Find the limit if it exists. lim x->0 [2 x tan(x) / sin(x)]
The first step when finding limits is to plug the limit into the variable. Therefore, in this case we must plug 0 into x: What happens to each term? 2x -> 0 tan(x) = sin(x) / cos(x) -> 0 / 1 sin(x) -> 0 So, we get 0 / 0, an indeterminate form. What do we do now? L'Hospital's Rule tells us that if we get an indeterminate form when doing a limit, take the derivative of the numerator and the derivative of the denominator and try the limit again.
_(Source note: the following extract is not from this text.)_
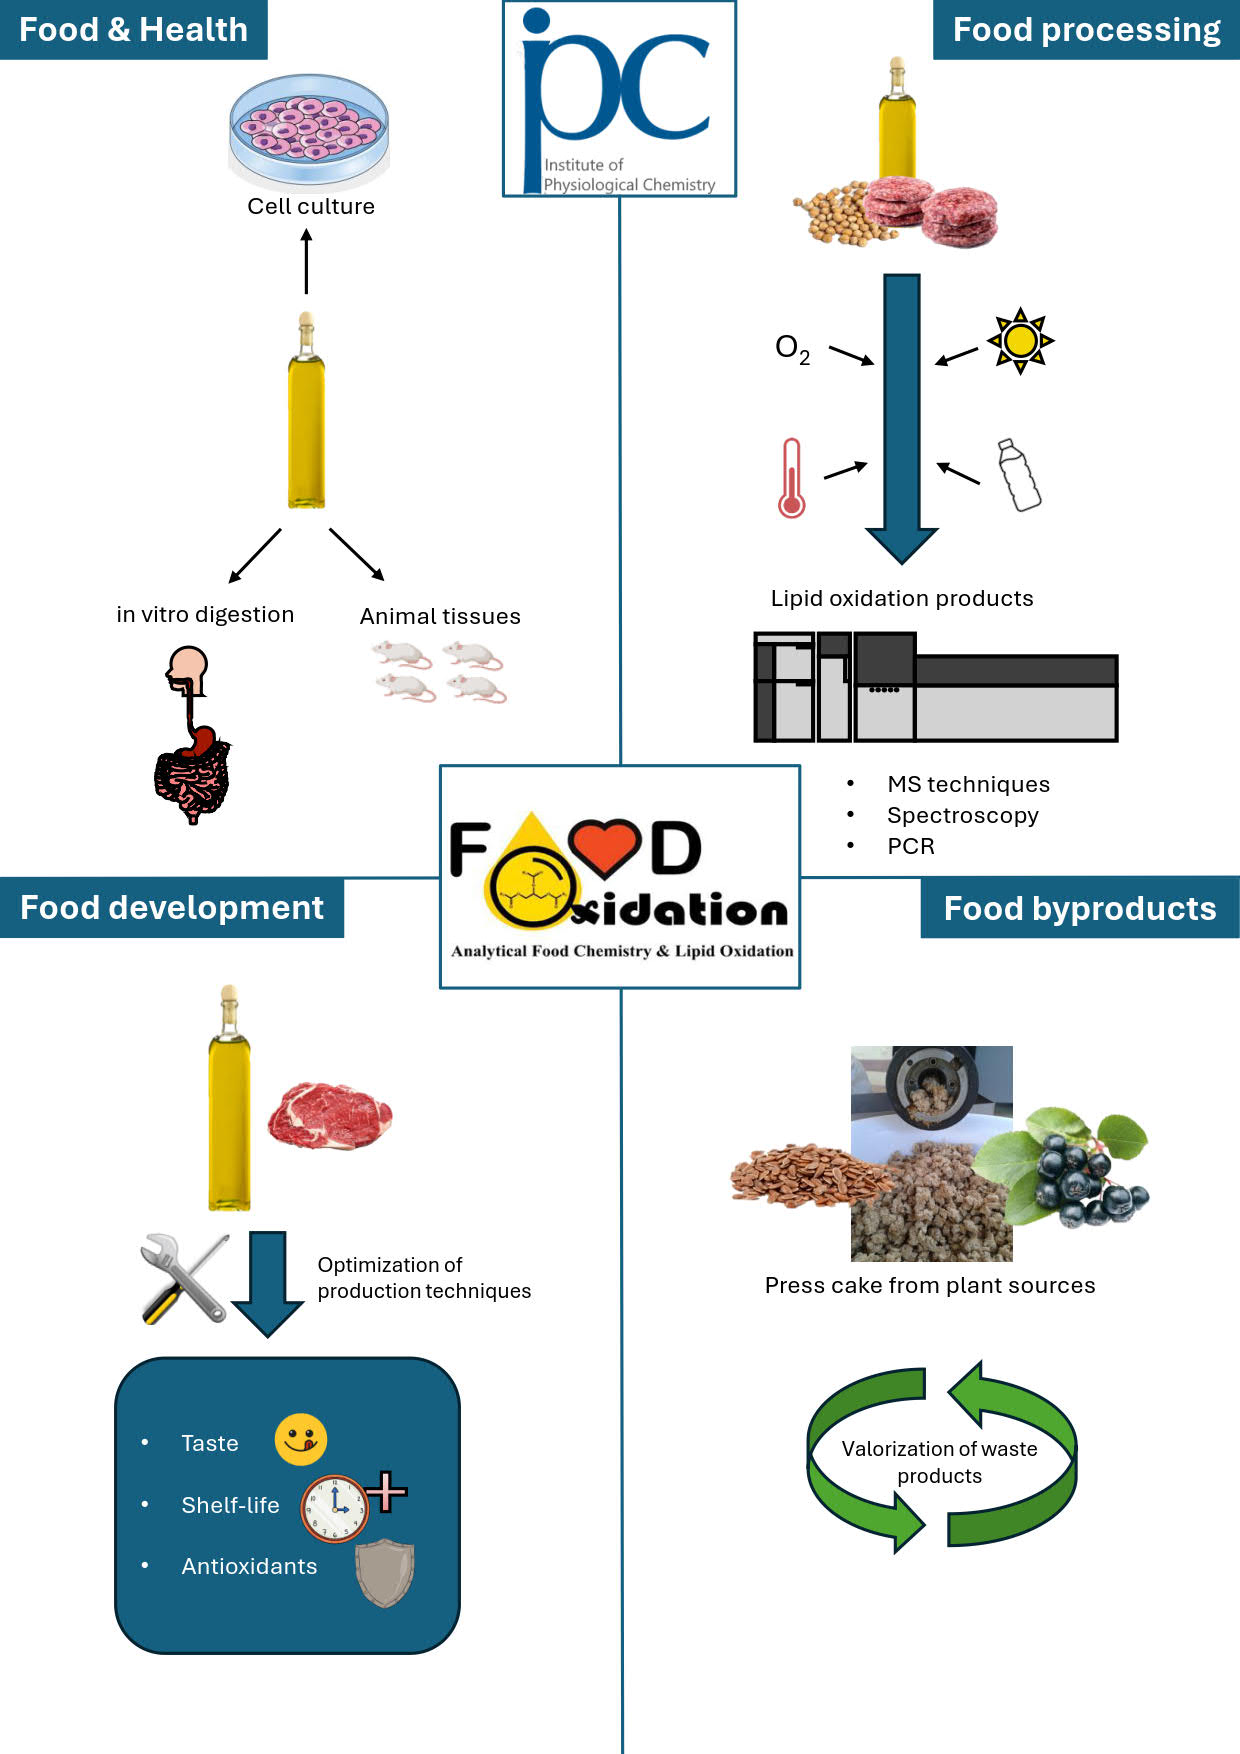 entation of the Analytic Food Chemistry
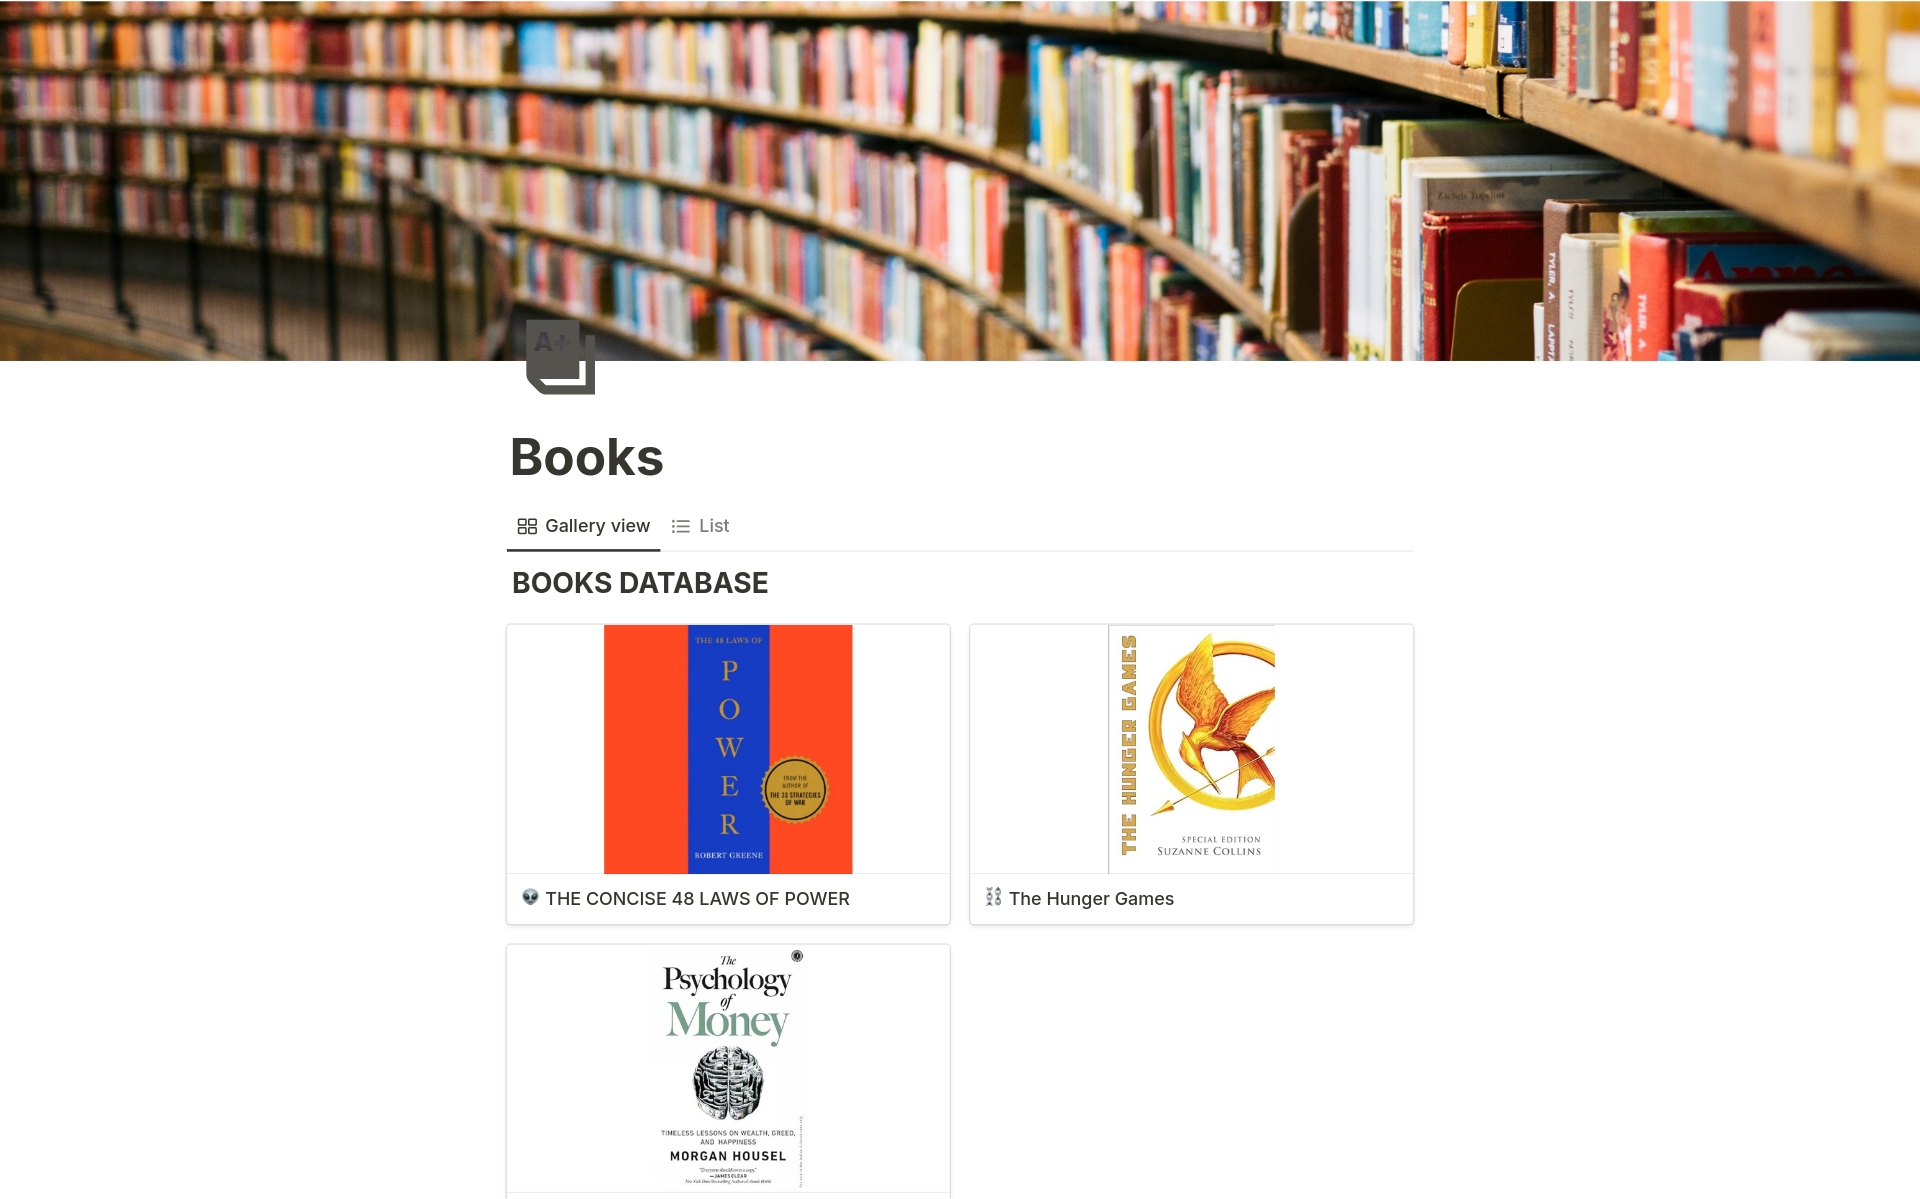 Organize your books neatly with a clean visual UI and list for easy access

So, to take the derivative of the numerator we must use the product rule because there are two instances of the variable (x) being multiplied by each other: d/dx (2 x tan(x)) = (2 x) (sec^2(x)) + (2) (tan(x)) Then the denominator: d/dx (sin(x)) = cos(x) Now, take the limit again looking at each term: lim x->0 [(2 x sec^2(x) + 2 tan(x)) / cos(x)] 2x -> 0 sec^2(x) = 1 / cos^2(x) -> 1 2 tan(x) -> 2 * (0 / 1) = 0 cos(x) -> 1 So, we get lim x->0 = (0 * 1 + 0) / 1 = 0 / 1 = 0 The limit is zero!